CMA also benefits UNCW music students by offering them applied learning opportunities. Žeželj-Gualdi started a student teaching program within CMA for students to become teachers. She hopes to develop this program into a larger enterprise, eventually offering assistantships for students to further develop their skills in music education and performance. She instituted an internship program for students to help her run the academy and learn the business and administrative side of music.
“I have two student interns,” said Žeželj-Gualdi. “For them it is an amazing opportunity to learn how a nonprofit music organization or small business works behind the stage. They learn marketing, grants research and application, recruitment and outreach tools, development and project management.
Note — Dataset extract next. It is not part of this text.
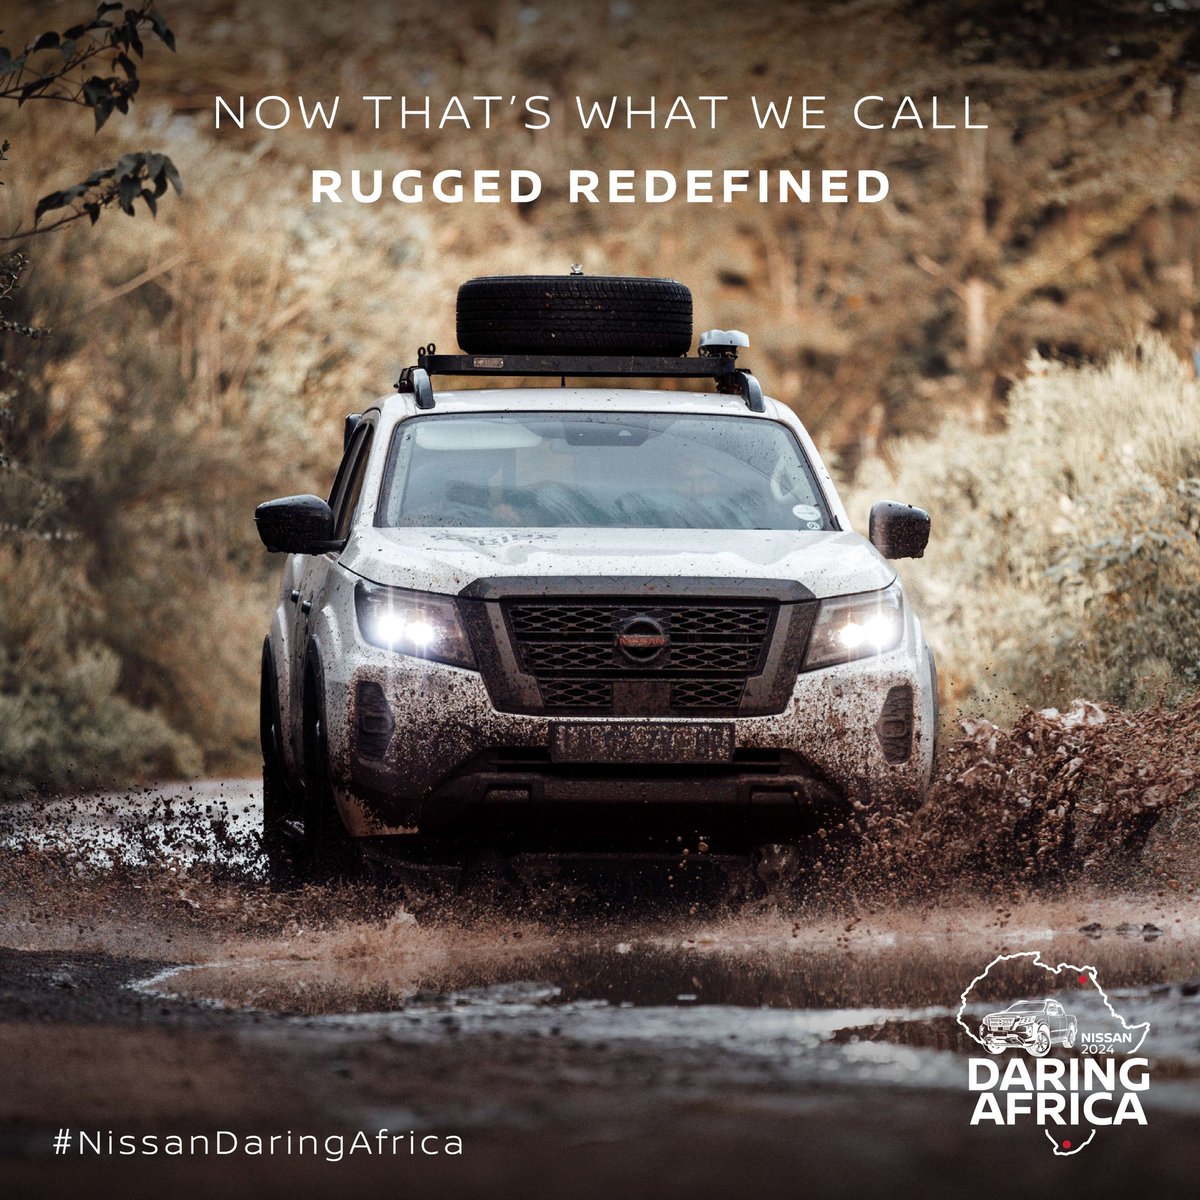 Rugged redefined by the Nissan Navara: Is the knowing that whatever you want to do and wherever you want to go, you can count on the Nissan Navara to get you there. nissanafrica.com/en/experience-… @Weg_Ry_en_Sleep #nissandaringafrica #nissannavara #daretomove

They also help me with web design and social site management.”
As part of CMA, community members get the opportunity to work with internationally renowned musicians like pianist Paolo Andre Gualdi. The academy puts on two student recitals every semester along with a spring benefit recital. In the future, Žeželj-Gualdi wants to establish satellite programs in local schools, and her ideas do not stop there.
“It’s ambitious, I know, but I would like it to grow into an international conservatory type of school,” she said. “I would like to see it grow to have outreach to incredible places like Carnegie Hall.”